Research Methods: Pan Trapping

This spring, most students in the Sustainability and Food Studies graduate programs are in a Research Methods class learning about different ways of conducting research. There are numerous groups of students working on a variety of research projects, employing several different methods, including surveying, interviewing and Q methodology. I am in the Ecological Research section and am working with three other students researching pollinator populations in relation to increasing urbanization.

Pollinators are responsible for propagating the majority of our plants worldwide, but little is understood about the effects of urbanization on the symbiotic relationship between plants and pollinators. With the rise in urbanization, pollinators and their native habitats are rapidly changing and potentially at serious risk. It is necessary to study these risks in order to mitigate the problem.

We are studying the presence of bees and other insects on an urban to rural gradient in order to understand how this land use change affects pollinators. This study will help us understand the difference in pollinator presence between urban and rural habitats.
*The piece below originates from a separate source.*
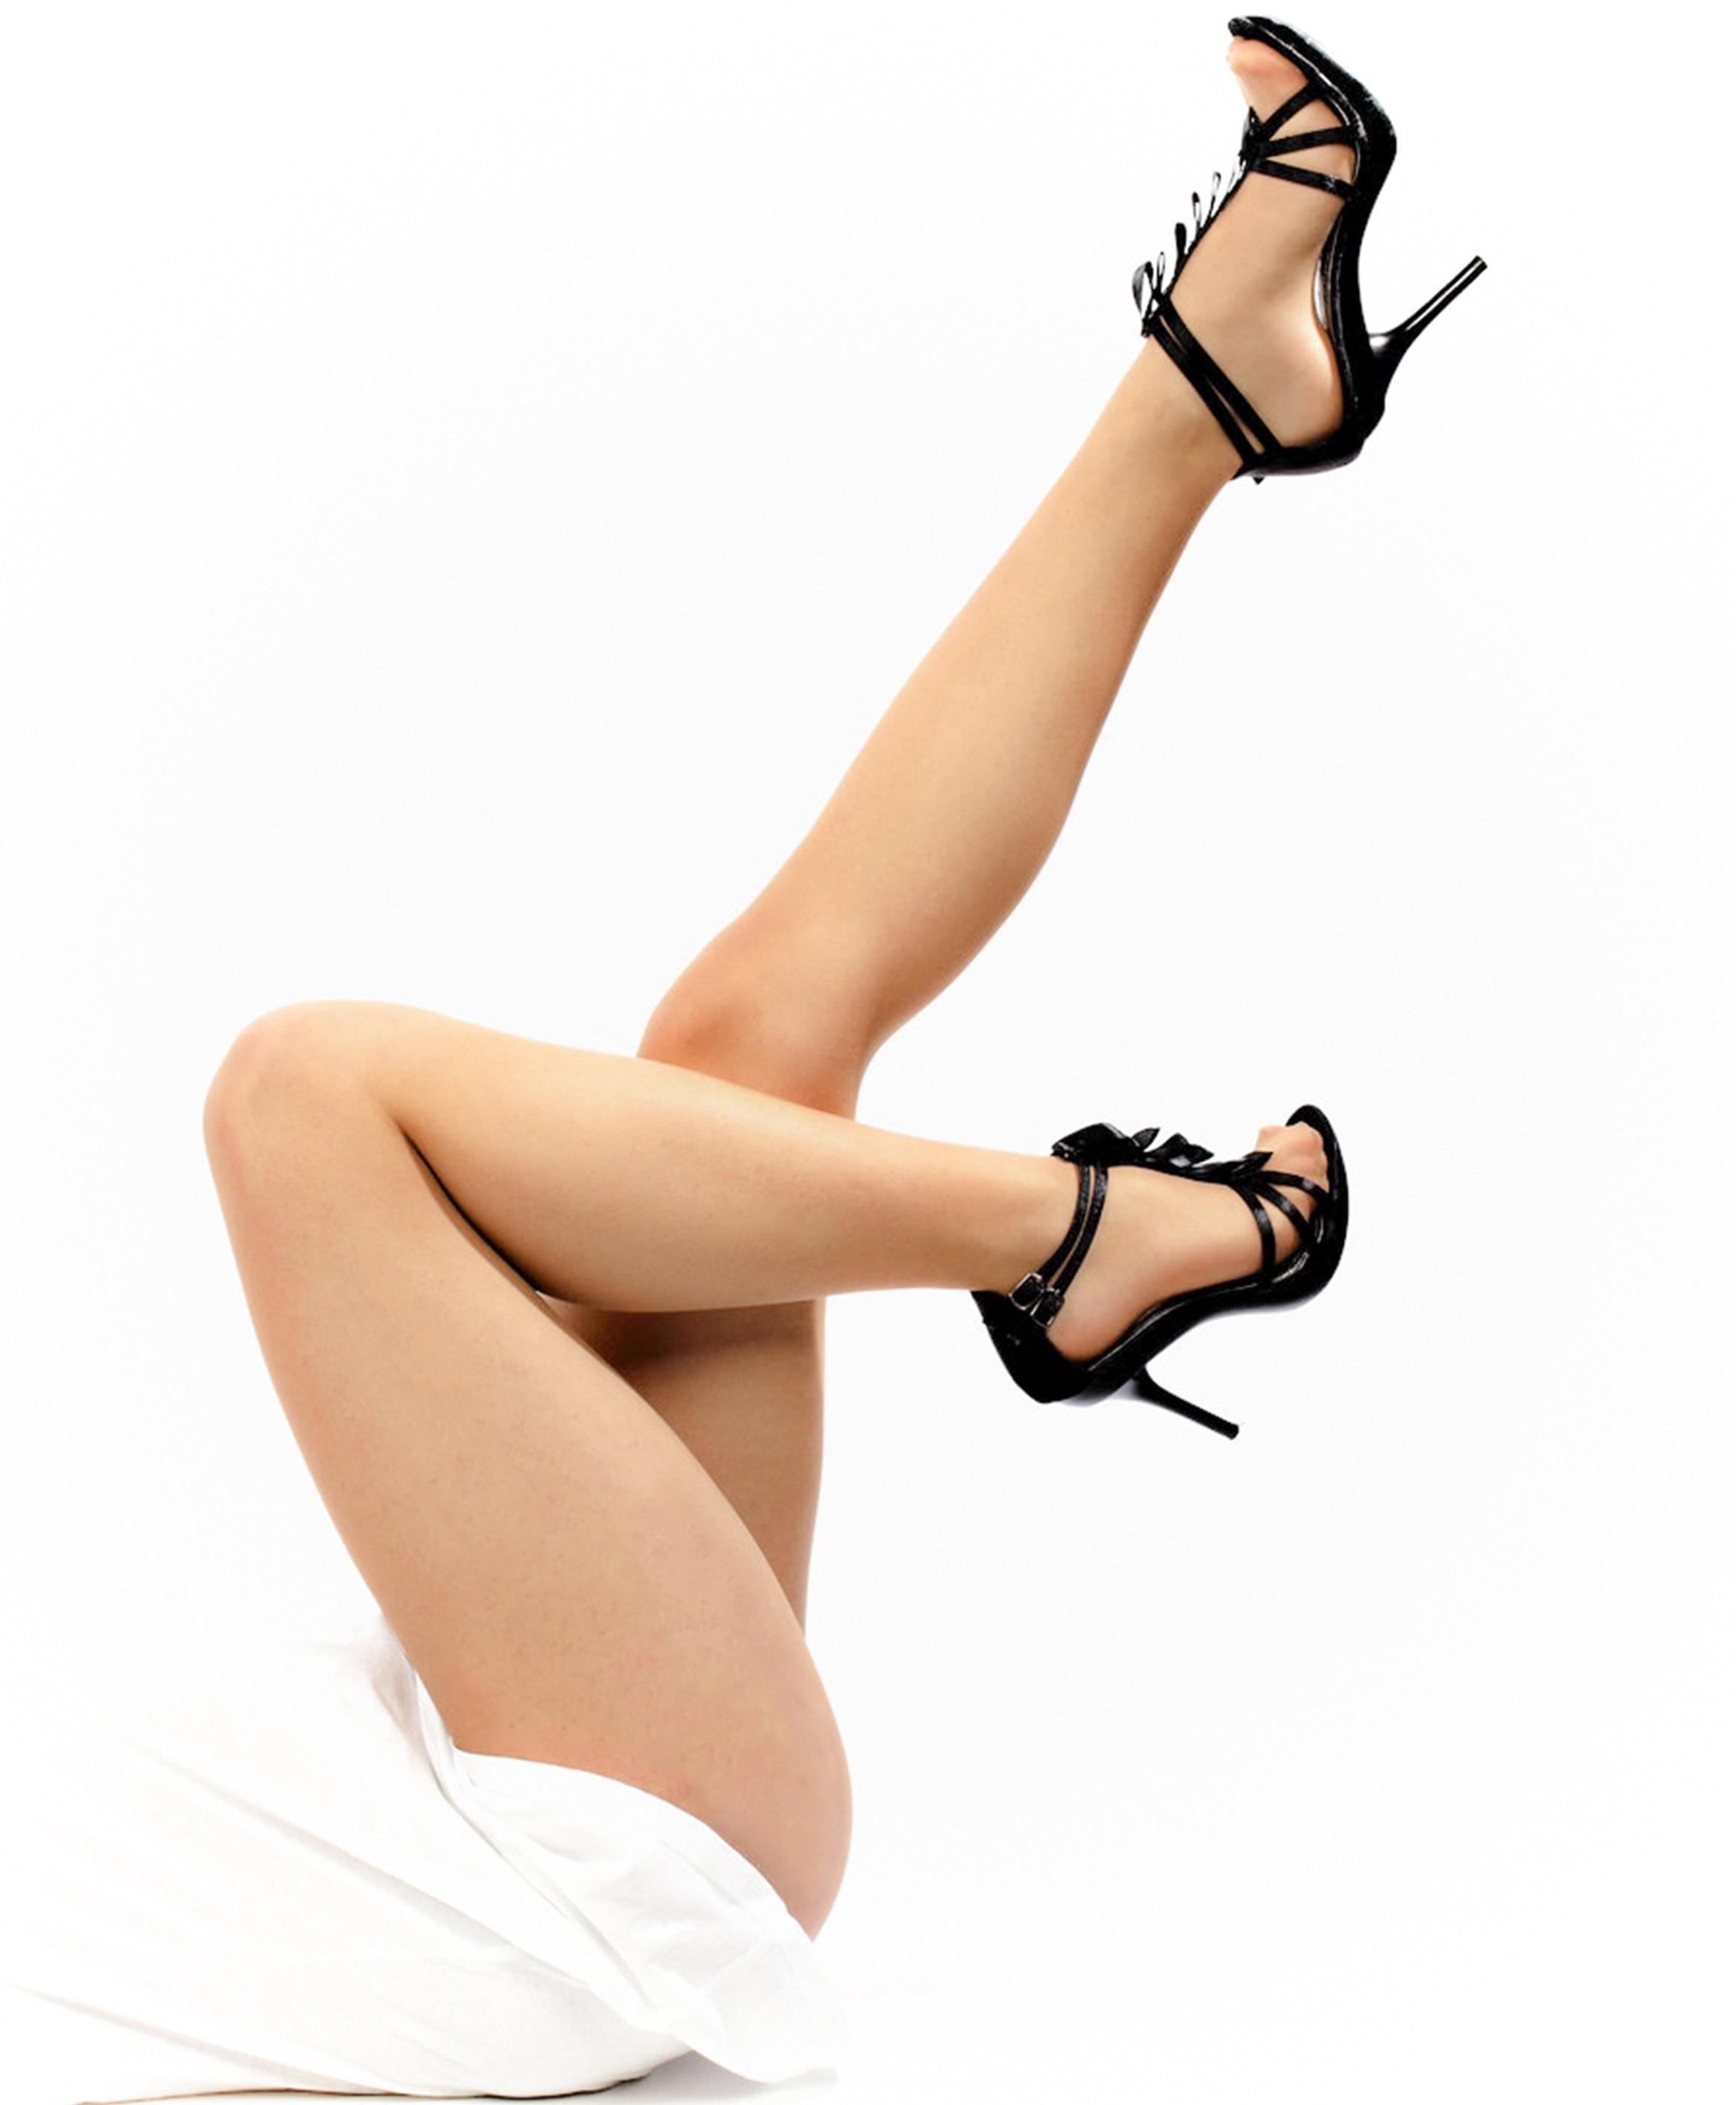 女性の美しい足の画像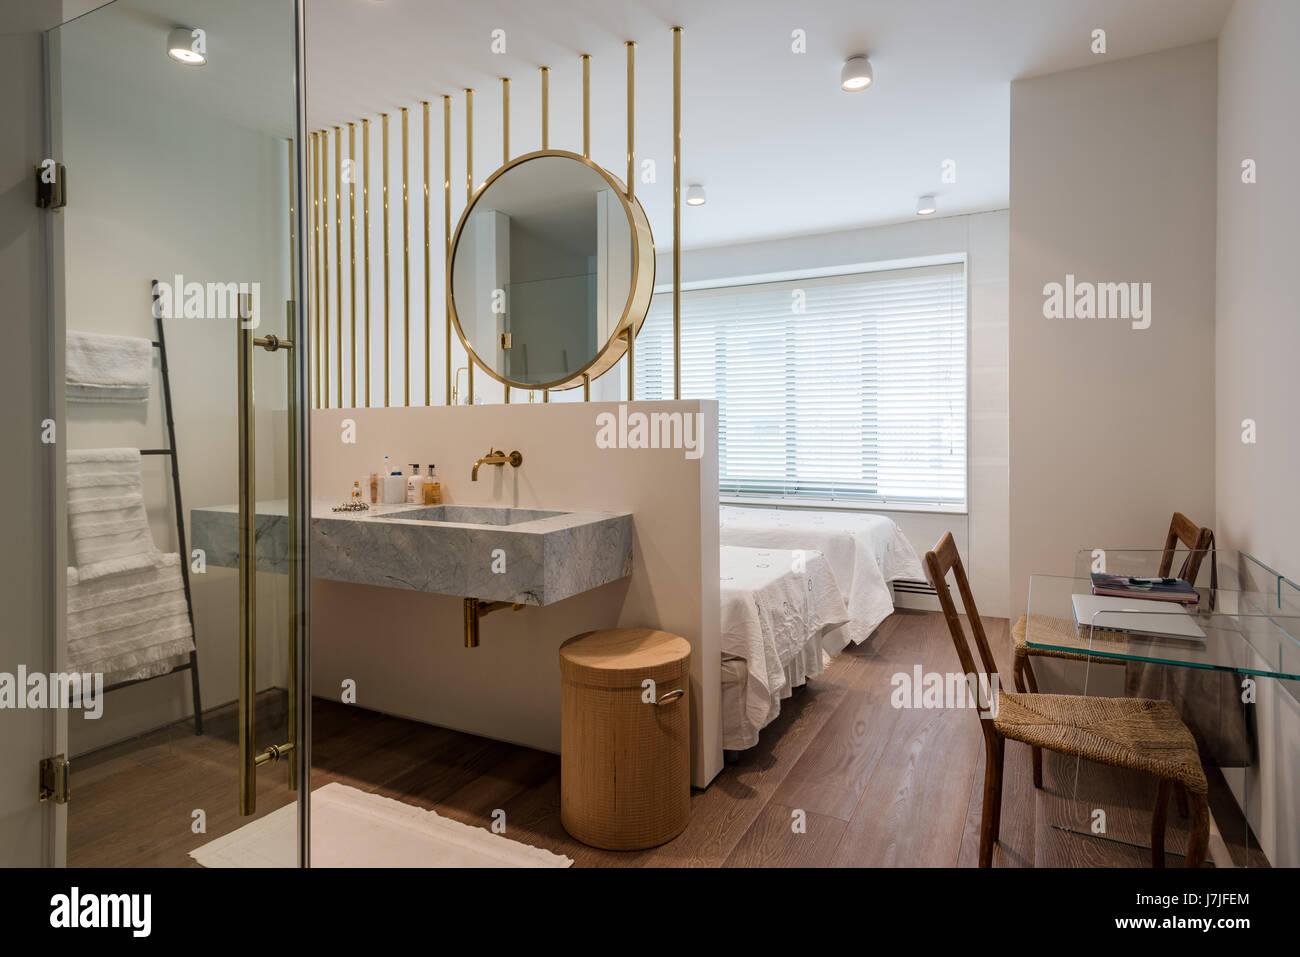 Ottone grande specchio sopra il bagno lavandino in camera da letto ...

Using the Larimer neighborhood, near Chatham’s East Side campus, and Chatham’s Eden Hall campus as sites, we will be able to use this data to better understand how Chatham can foster healthy pollinator habitats.


To collect data at our sites we are collecting pollinators through pan traps, which is a very common method of analyzing pollinator diversity among researchers. Pan traps are plastic cups or bowls filled with soapy water that are brightly colored, usually blue, yellow and white. The insects are attracted to the colorful bowls and the soap is added to the water to decrease the surface tension, which allows even small insects to sink and drown when landing on the surface of the water.

This is a risky time to be doing this type of research, since there are very few things in bloom and it is still chilly outside. Ideally, there would be lots of flowers in bloom and therefore lots of active insects. This is still early in the spring for there to be much excitement at our sites. This is one of the limitations of our study because our semester ends at the end of April. We are happy to report that we have caught something! We were excited because we were nervous we weren’t going to catch anything!


We are anxious to see what our research reveals about the comparison of bees and other insects in our rural versus urban sites. As limited as our research may be, due to amount of time we can spend on it in the remainder of the semester and the time of year, we are hoping that our protocol for this research will be replicated in the future by Chatham students!